Un mouvement affaibli par les choix tactiques de ses directions
Après dix-huit mois de mobilisation contre les mesures du gouvernement dans les écoles, les lycées et les universités, il est nécessaire d’établir un bilan honnête. Cela implique d’examiner la tactique adoptée par les organisations qui ont dirigé le mouvement, en particulier la FEF, mais aussi la jeunesse du PTB (Comac), qui a refusé d’élargir la mobilisation par des occupations, des assemblées générales et des formes d’organisation plus larges.
Cette stratégie a limité la capacité du mouvement à se massifier, à s’enraciner dans les établissements et à imposer un véritable rapport de force face au gouvernement.
À la mi‑mai, le PTB annonçait « une nouvelle victoire des profs et des jeunes : le vote du décret sur le minerval à 1 200 € et les attaques contre l’enseignement étaient à nouveau reportés ». Il est vrai que le gouvernement MR‑Engagés a reculé sous la pression de la rue et des manœuvres parlementaires de l’opposition PS-PTB-Ecolo, notamment le 22 mai lorsqu’il a repoussé le vote. Mais ce report n’était qu’une tactique dilatoire, que les directions du mouvement n’ont jamais expliquée clairement aux étudiants et aux enseignants mobilisés.
Cette ligne stratégique a entretenu une confusion entre la lutte contre le gouvernement et la nécessité d’élargir la mobilisation contre le minerval. Le mouvement universitaire aurait pu renforcer sa base et créer les conditions d’une véritable victoire, mais la FEF (craignant d’apparaître trop radicale) et Comac, principale organisation politique de gauche dans les universités francophones, ont choisi de suivre une orientation prudente. Par ailleurs, la focalisation sur le minerval a empêché de comprendre que le programme du gouvernement Arizona forme un tout. Pour gagner, la lutte aurait dû, et devra viser l’ensemble des mesures, pas seulement la hausse du minerval. Cette stratégie crée une fausse division dans le mouvement et empêche la construction du rapport de force nécessaire pour gagner. Cette stratégie, visant en partie à isoler une mesure des autres, prend l’eau avec la mobilisation depuis le mois de mai des élèves du secondaire, qui ont également repris cette revendication à côté du rejet complet du décret.

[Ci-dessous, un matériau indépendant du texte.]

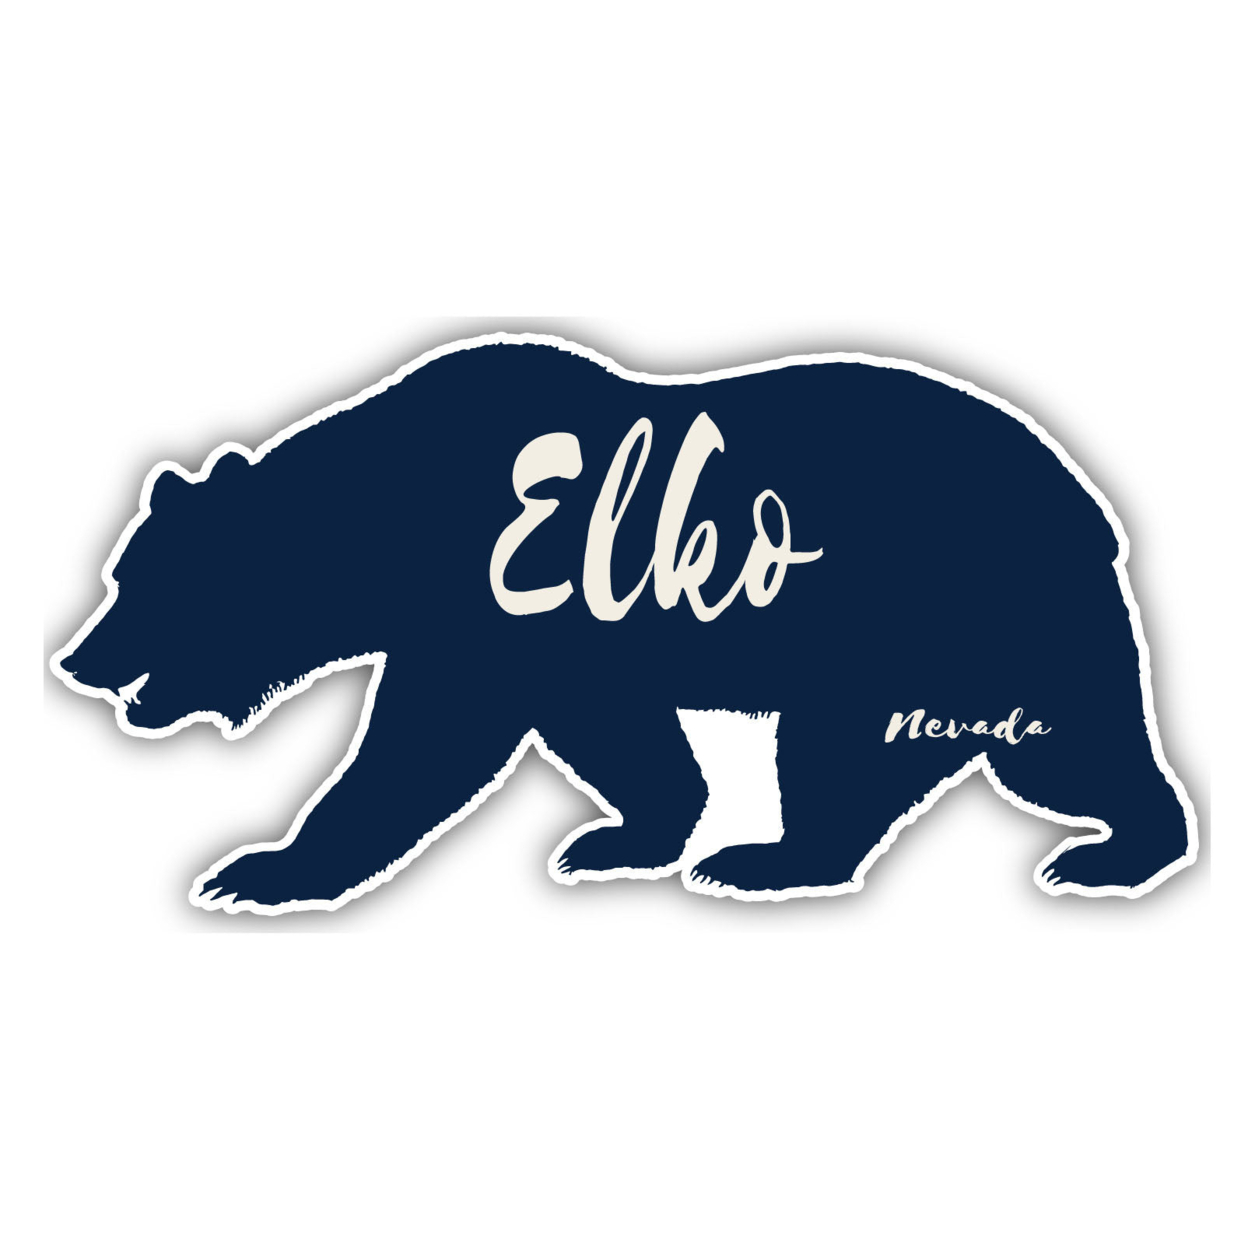 Elko Nevada Souvenir Decorative Stickers (Choose Theme And Size) - Single Unit, 6-Inch, Camp Life

Pour gagner : reconstruire une mobilisation de masse
Même si Amandine Pavet, cheffe de groupe PTB au Parlement de la Fédération Wallonie‑Bruxelles, affirmait sur les réseaux sociaux : « Le message envoyé au gouvernement est clair : nous ne laisserons pas casser l’école pour faire payer la crise aux étudiants, aux professeurs et aux jeunes. Tant que cette réforme ne sera pas retirée, la mobilisation continuera et s’intensifiera. ». Une question demeure : comment cette mobilisation pourrait-elle réellement s’intensifier sans assemblées de masse, sans occupations, sans structures d’organisation dans les universités ? Surtout sans la que les parents participent en tant que travailleurs, c’est-à-dire en faisant grève dans leur entreprise.
La réforme a été votée. Mais l’opposition a déposé deux nouveaux décrets (supprimant le minerval à 1200 euros et les 2 heures supplémentaires de cours pour les profs) forçant le parlement à passer à nouveau au vote dans les semaines qui viennent. Pour espérer faire reculer le gouvernement, le mouvement étudiant doit désormais préparer une mobilisation d’un tout autre niveau, capable de rassembler largement, de coordonner démocratiquement et de construire un rapport de force réel.
Les cercles étudiants de l’OCR seront présents dans cette bataille : nous appelons à ouvrir ce débat dès maintenant pour élaborer un plan de lutte à la hauteur des attaques contre l’enseignement.